Activity ▸
Please output the listing exactly as it stands, but omit any images.

Available data ▸
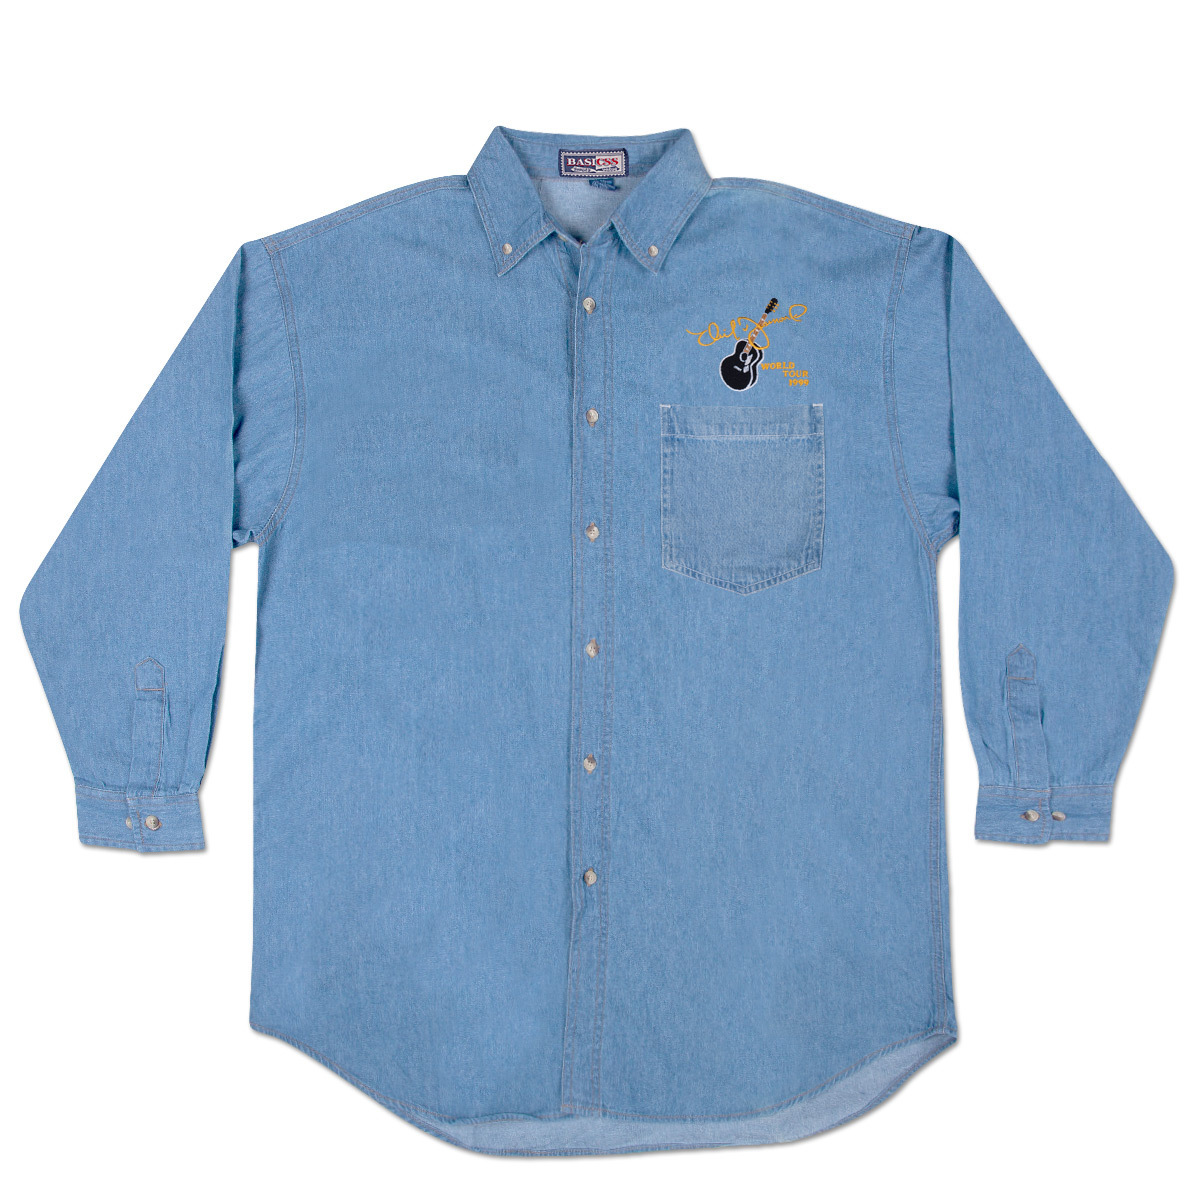 World Tour ' 99 Light Denim Shirt
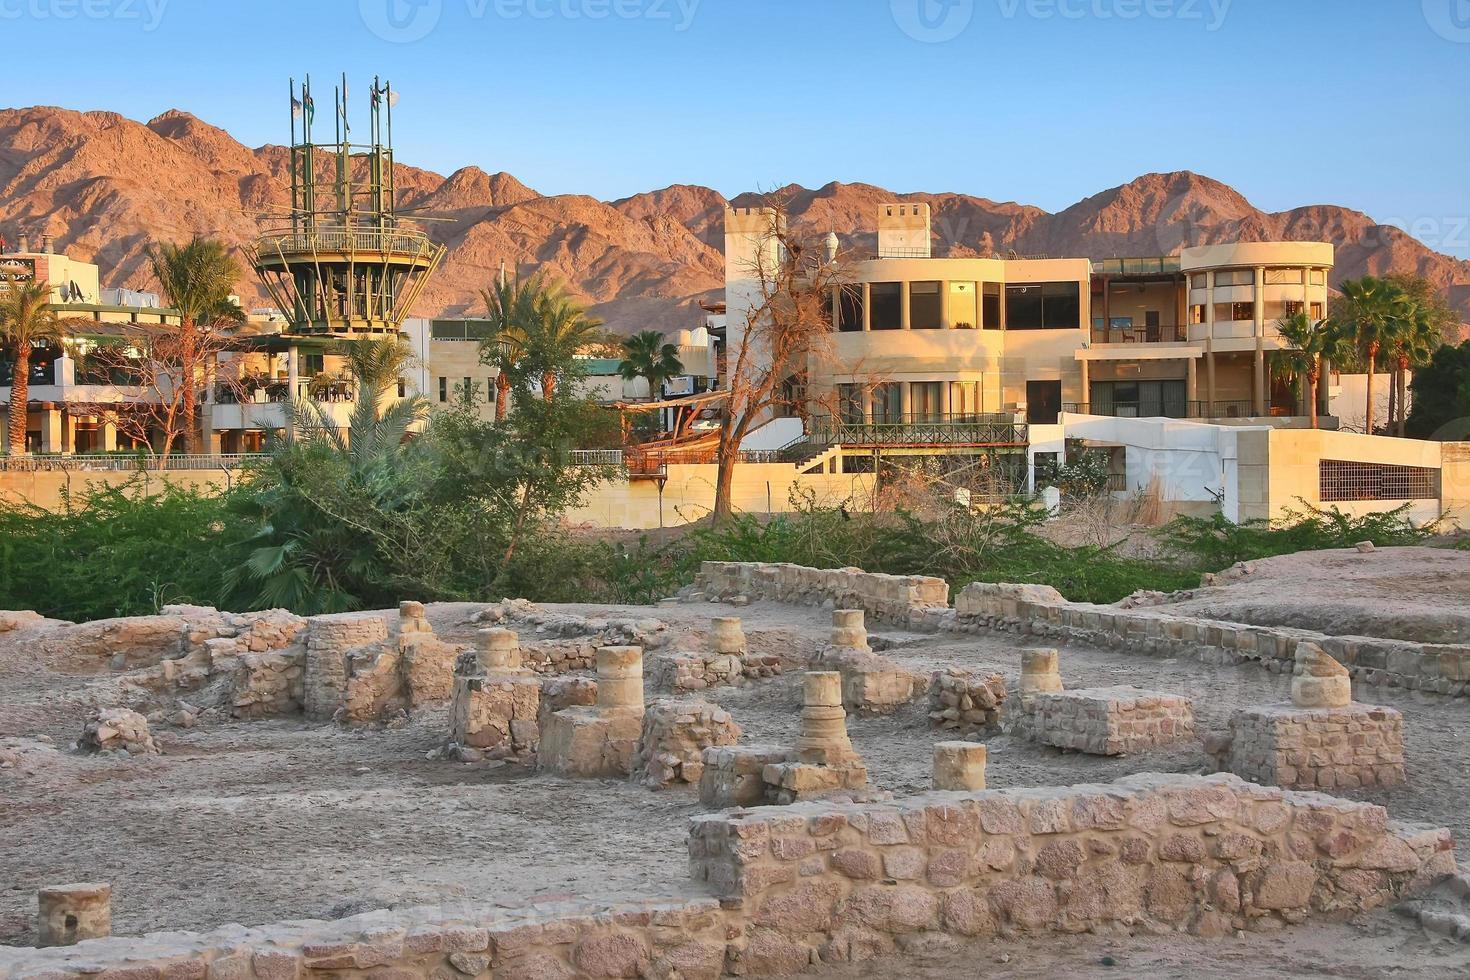 sítio arqueológico de Ayla em Aqaba, Jordânia foto
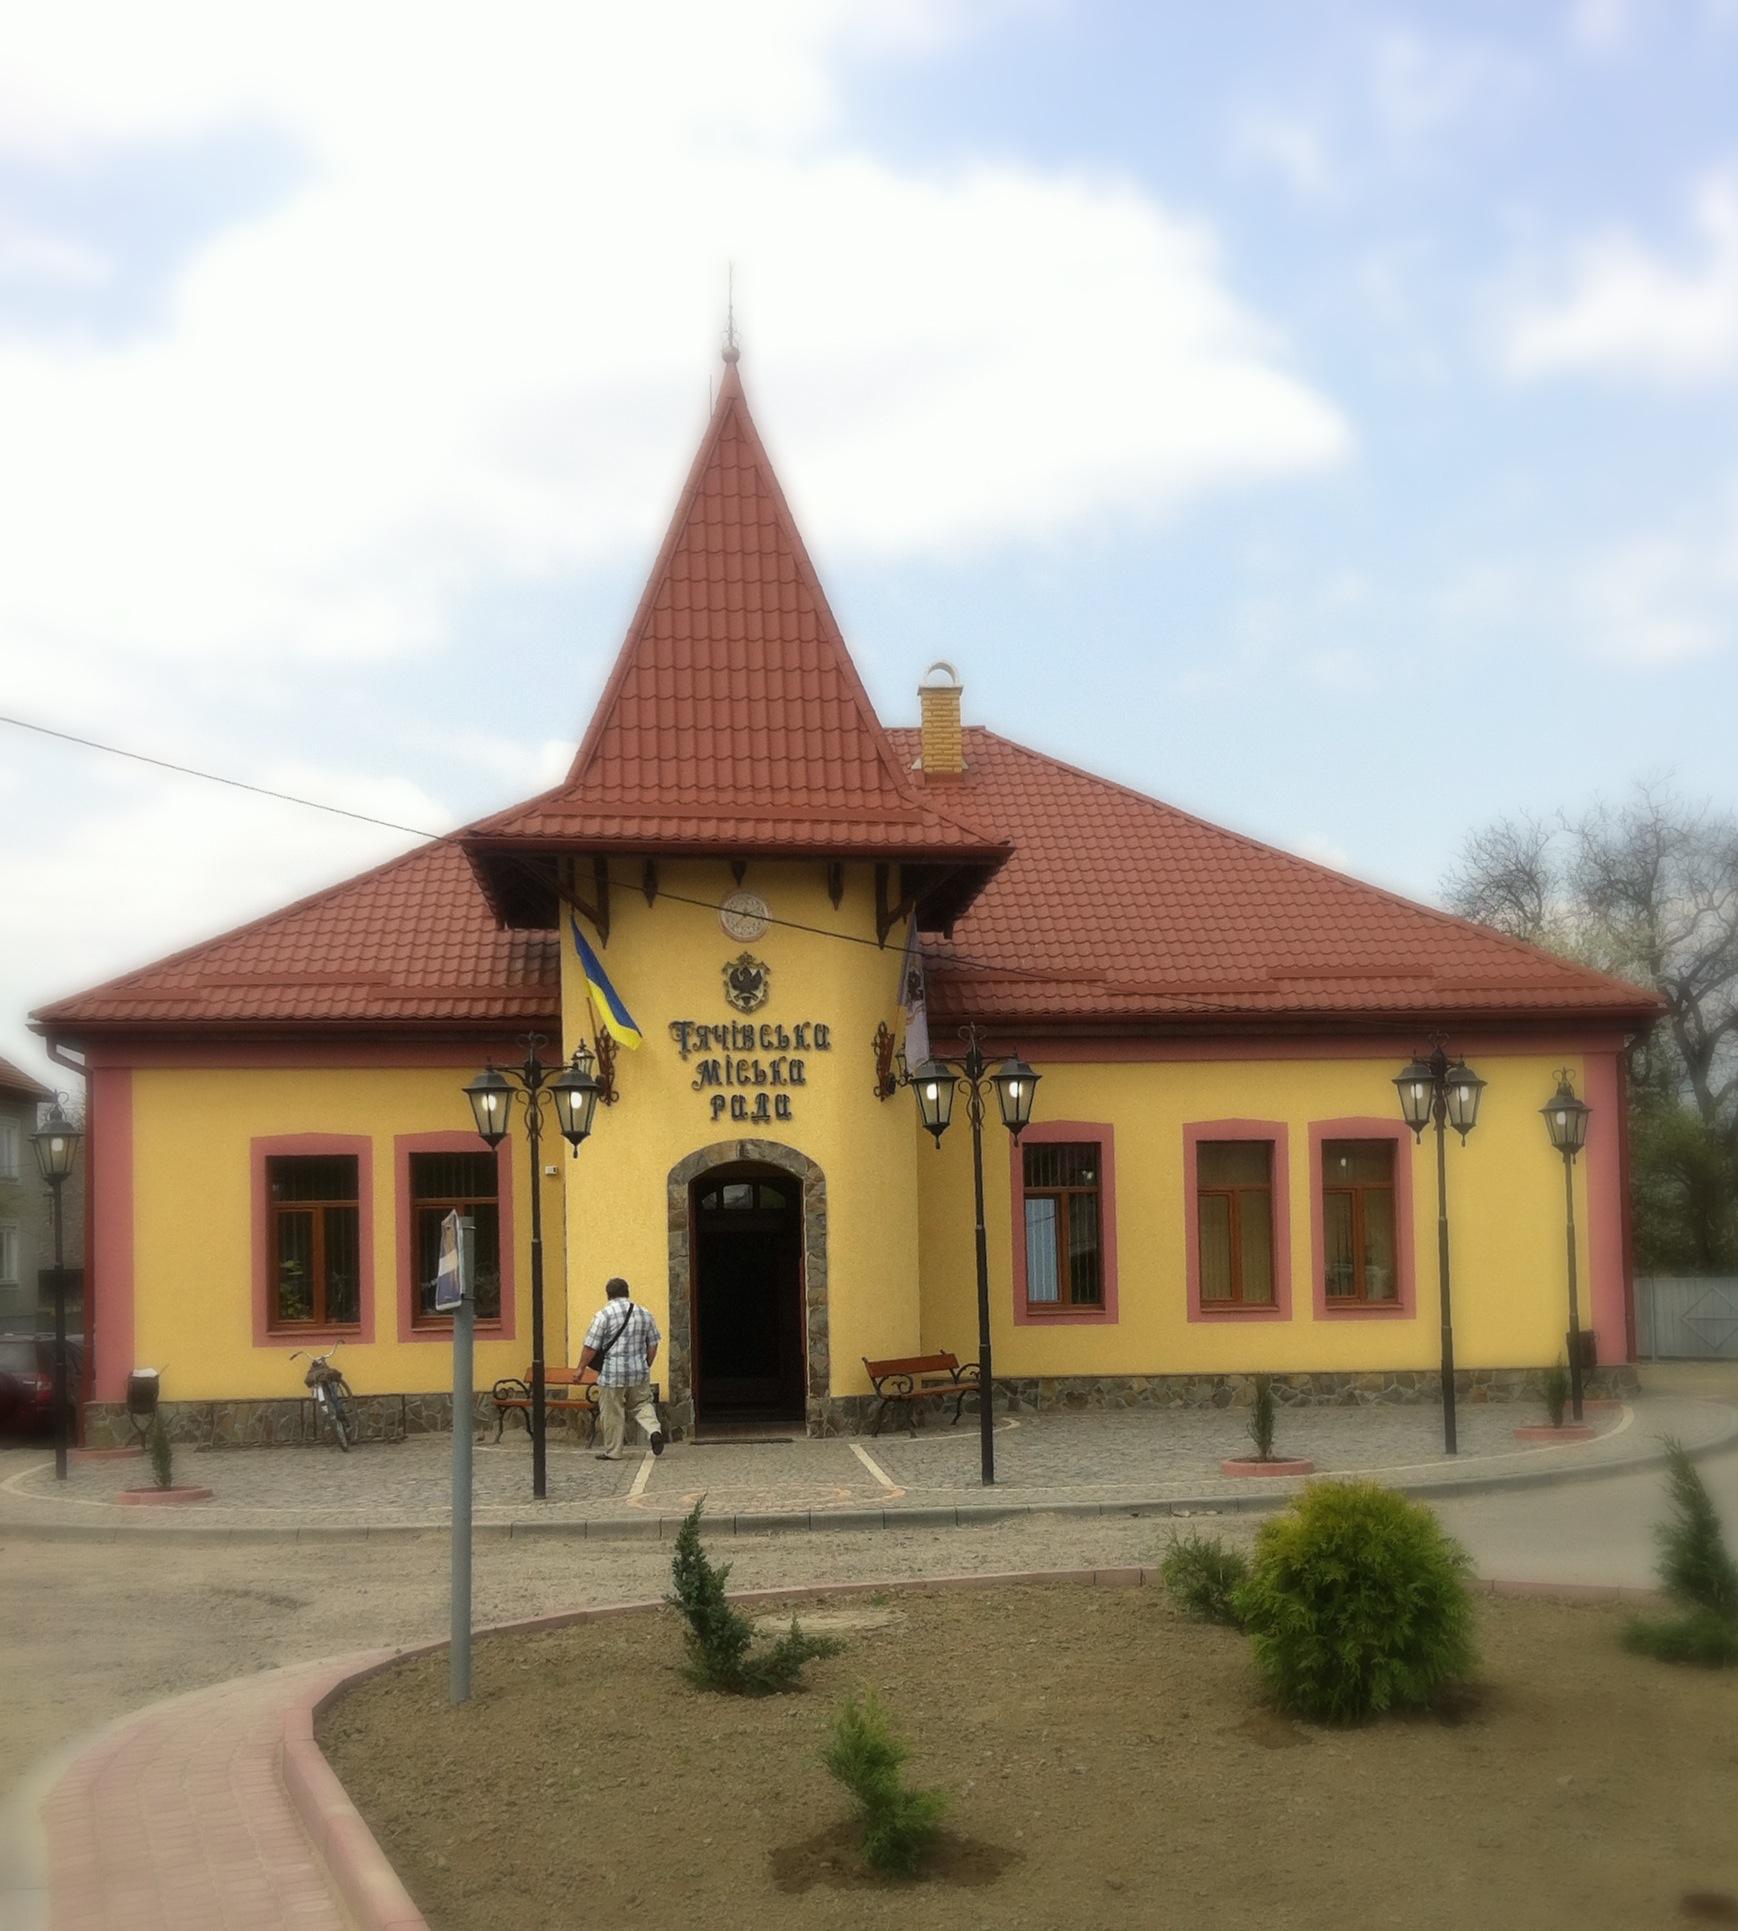 Сегодня, 3 ноября, на заседании Тячевской городской избирательной комиссии были объявлены официальные итоги выборов мэра города Тячево.

Exercise response ▸
 World Tour ' 99 Light Denim Shirt
 sítio arqueológico de Ayla em Aqaba, Jordânia foto
 Сегодня, 3 ноября, на заседании Тячевской городской избирательной комиссии были объявлены официальные итоги выборов мэра города Тячево.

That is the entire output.